What to do:
From the data below, repeat everything exactly except the images.

Data shown:
=====
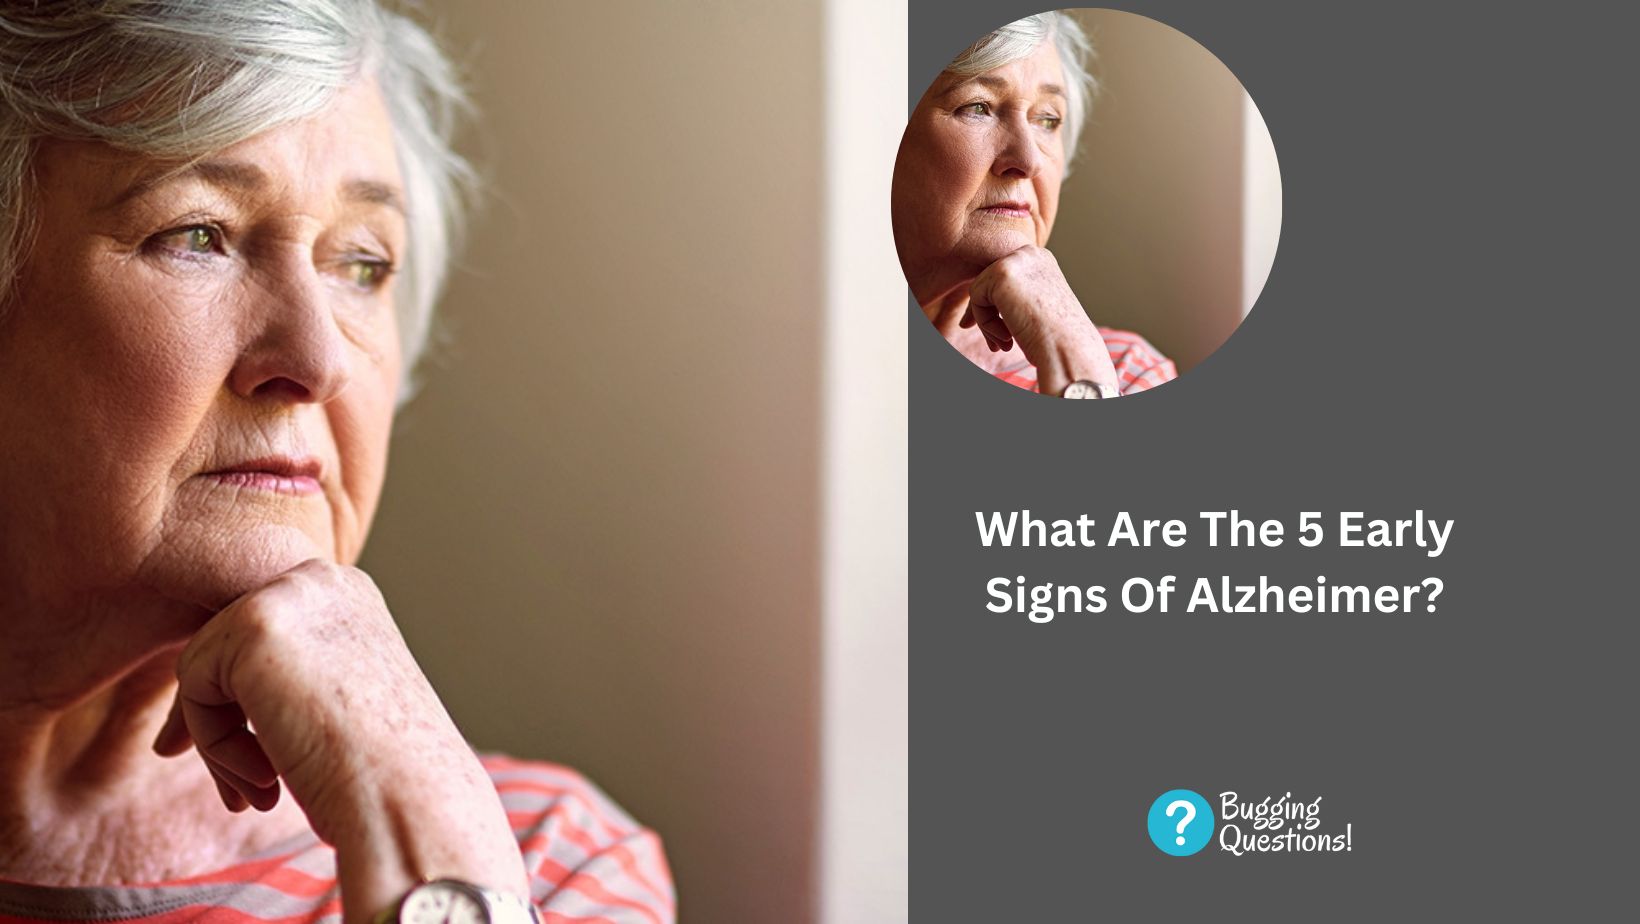 What Are The 5 Early Signs Of Alzheimer?
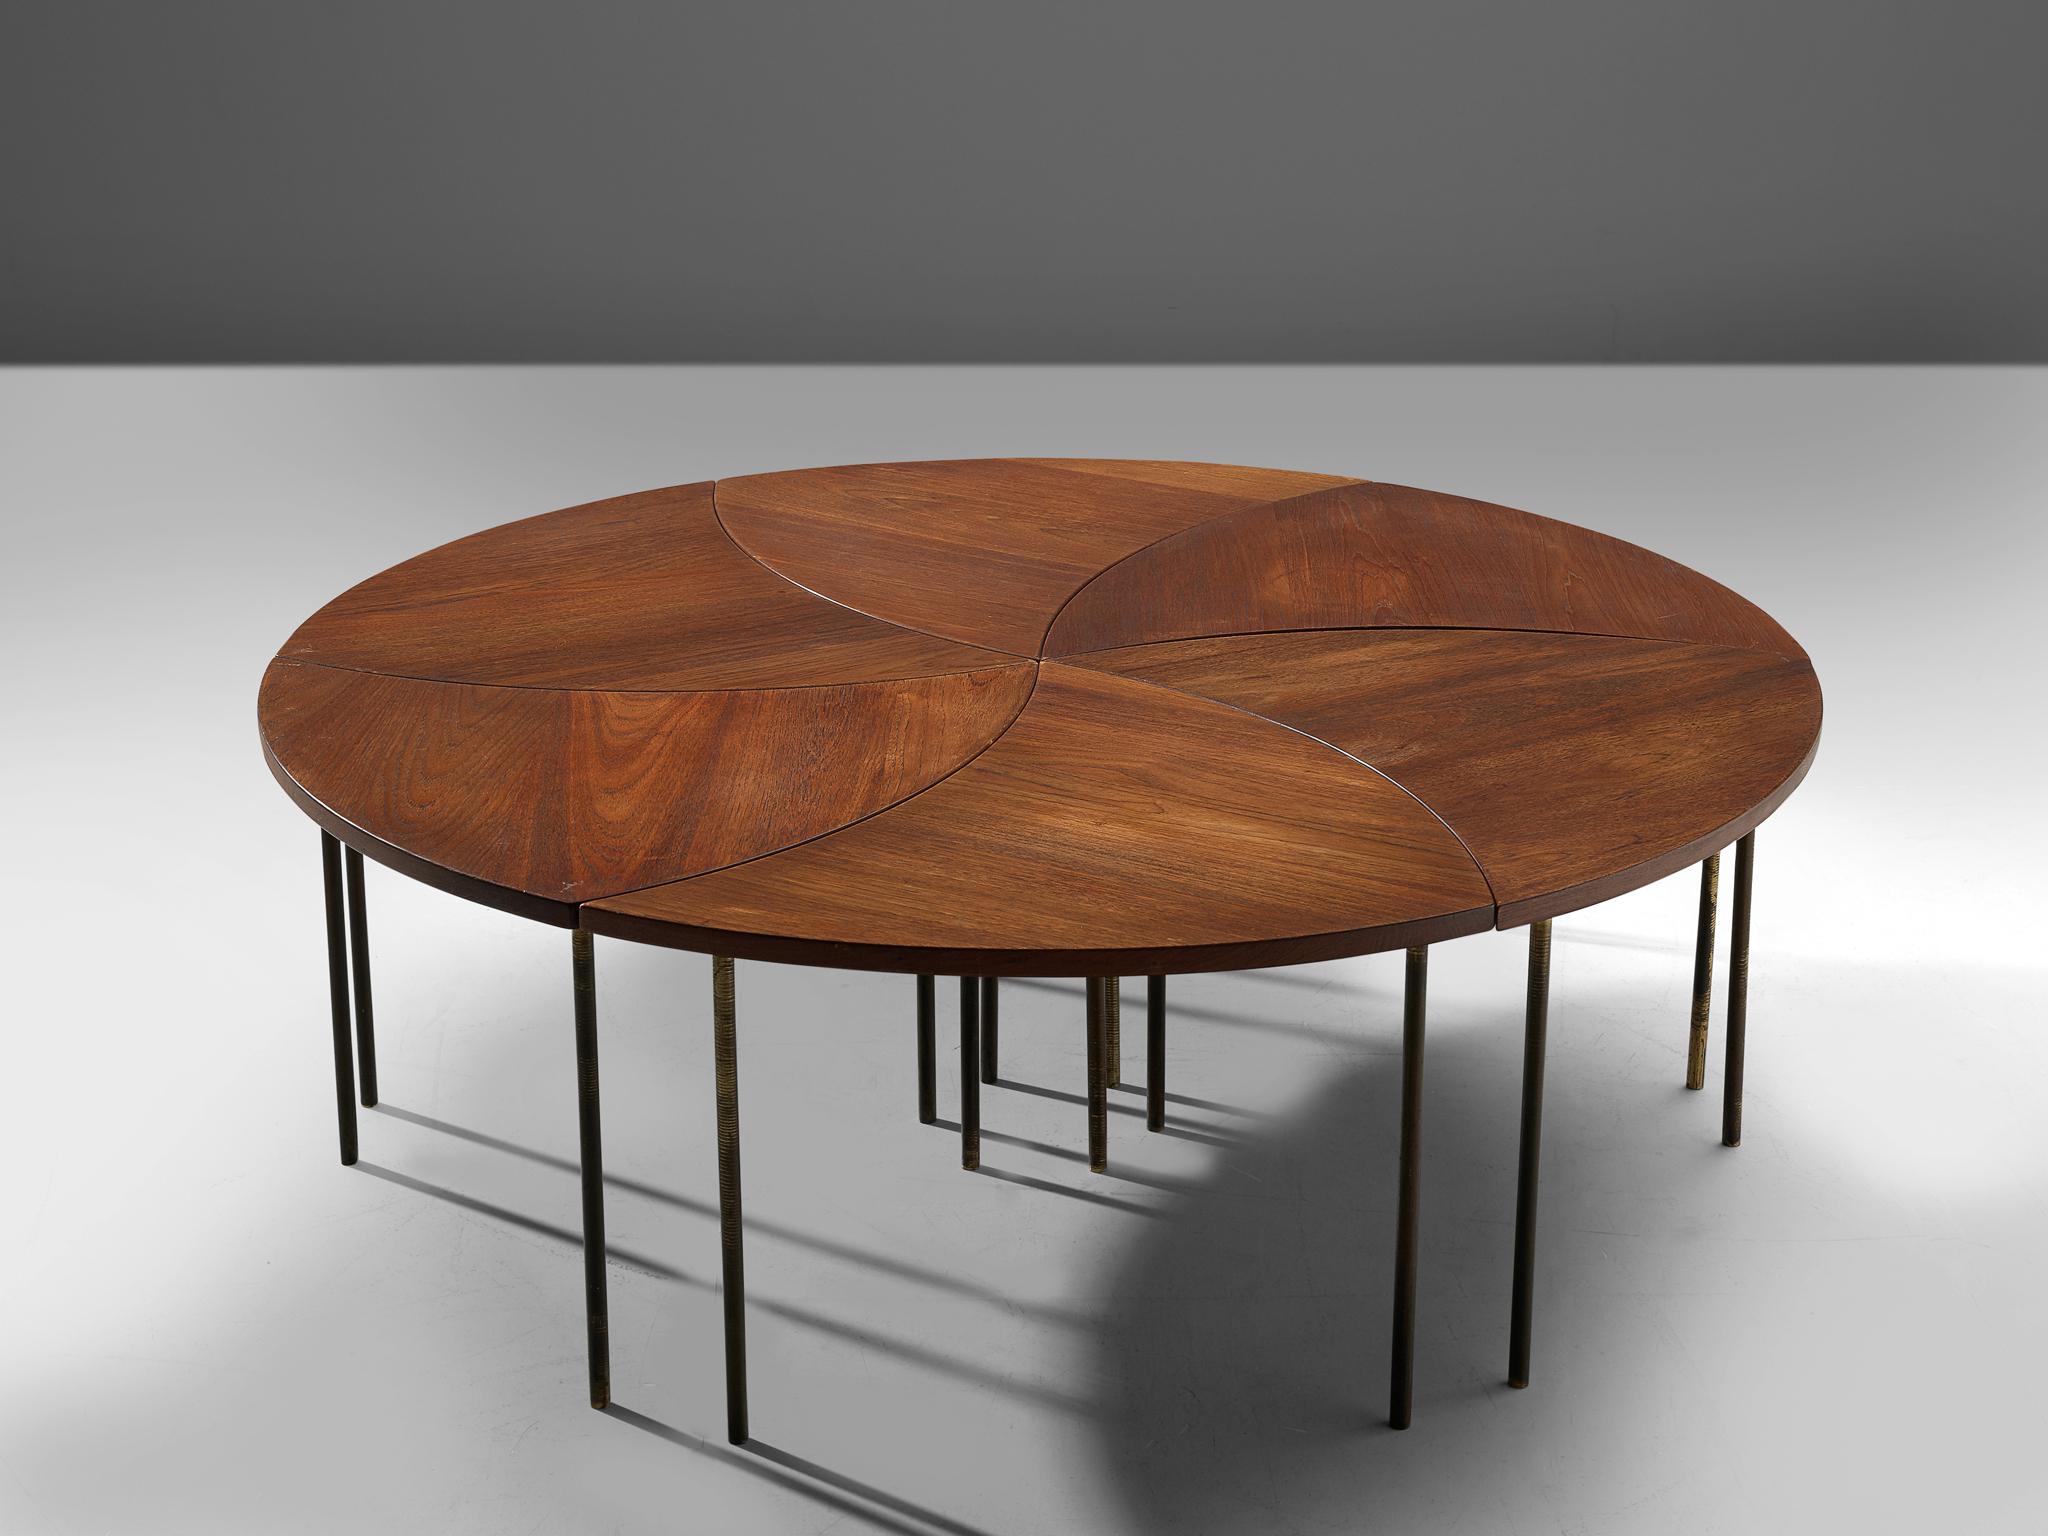 Peter Hvidt and Orla Mølgaard Nielsen, '523' coffee table, teak and brass, Denmark, 1950s

A modular coffee table, consisting of 6 pieces that form together one large round coffee table. The legs are made of brass and for all together (18 legs in
=====
Solved exercise:
 What Are The 5 Early Signs Of Alzheimer?
 Peter Hvidt and Orla Mølgaard Nielsen, '523' coffee table, teak and brass, Denmark, 1950s

A modular coffee table, consisting of 6 pieces that form together one large round coffee table. The legs are made of brass and for all together (18 legs in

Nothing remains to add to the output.